Harrison Birtwistle im Gespräch über sein neues Orchesterwerk, Deep Time, das unter der Leitung von Daniel Barenboim im Juni in Berlin zur Uraufführung kommt.

Woher kommt die Idee zu Deep Time?

Es handelt sich um einen recht jungen Begriff, der von John McPhee 1981 in einem Buch mit dem Titel Basin and Range geprägt wurde und der sich auf die Vorstellung bezieht, Dinge mit einer enorm großen Zeitskala jenseits der menschlichen Vorstellungskraft zu messen, wie etwa das Alter von Gestein. Das Konzept von Deep Time schließt an die Arbeiten eines schottischen Geologen des 18. Jahrhunderts, James Hutton, an, der darlegte, dass die Vorgänge von Gesteins-Erosion, -Ablagerung und -Neubildung "keine Spur eines Anfangs und keine Idee eines Ausgangs" besitzen – ein Zustand ständiger Veränderung, der mich immer interessiert hat.

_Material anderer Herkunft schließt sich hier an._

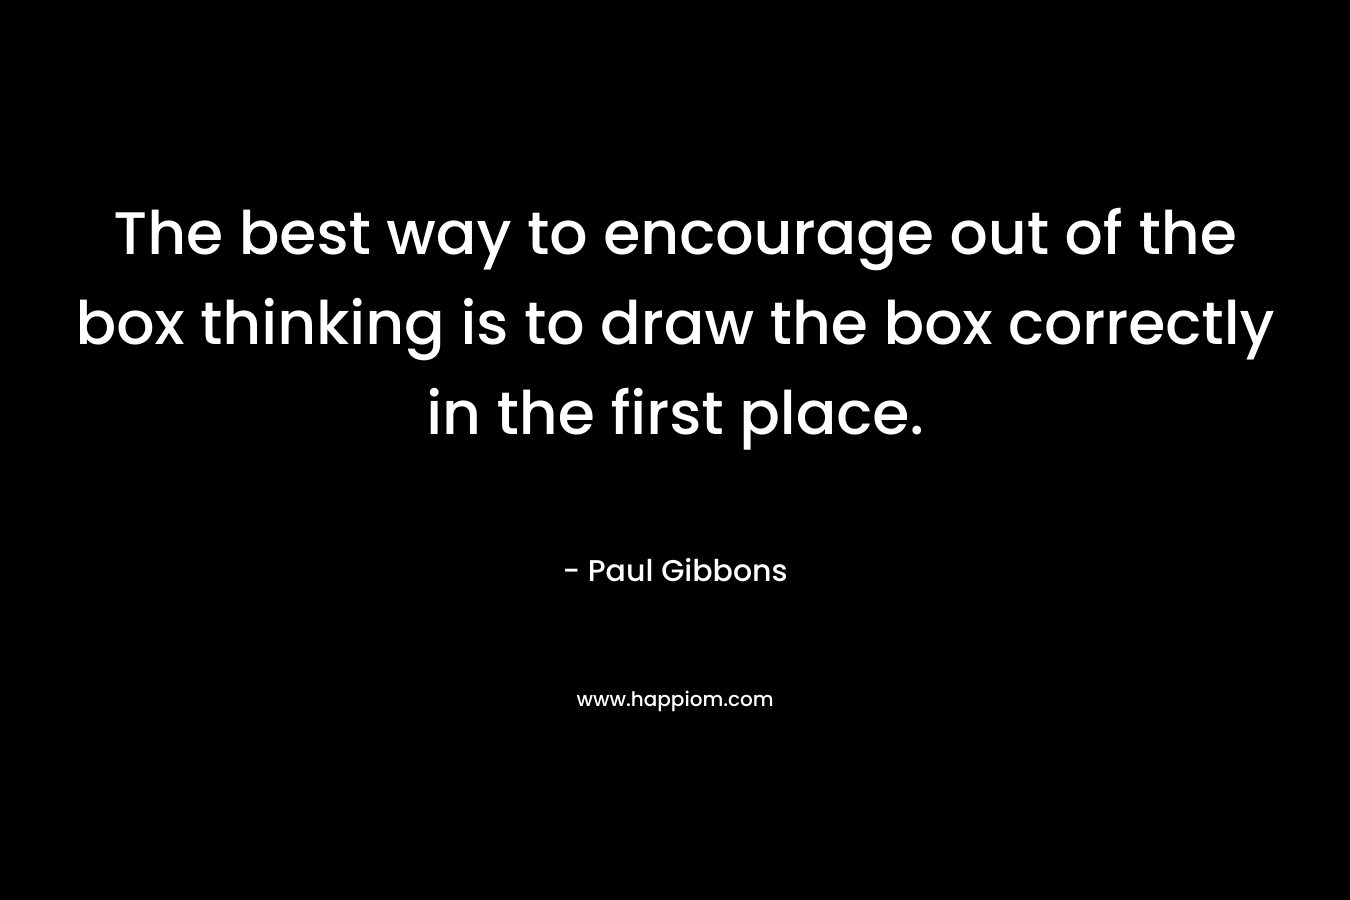 The best way to encourage out of the box thinking is to draw the box correctly in the first place. – Paul Gibbons

Wie nimmt dies musikalische Gestalt an?

Als ich auf der schottischen Insel Saasay lebte, entdeckte ich, dass einige der ältesten und jüngsten Gesteine zusammenliegen infolge einer ausgreifenden geologischen Verwerfung. Da gab es eine seismische Katastrophe, die man sich kaum vorstellen kann, wenn man es heute sieht, die Gewalt eingefroren wie in einer Fotografie. Eine Zeit hat sich in die andere entladen und eine Diskontinuität erschaffen, die Parallelen zu dem neuen Orchesterstück besitzt. Ich möchte trotzdem klarstellen, dass das Werk nicht von Geologie handelt, es ist keine Beschreibung von etwas Bestimmten.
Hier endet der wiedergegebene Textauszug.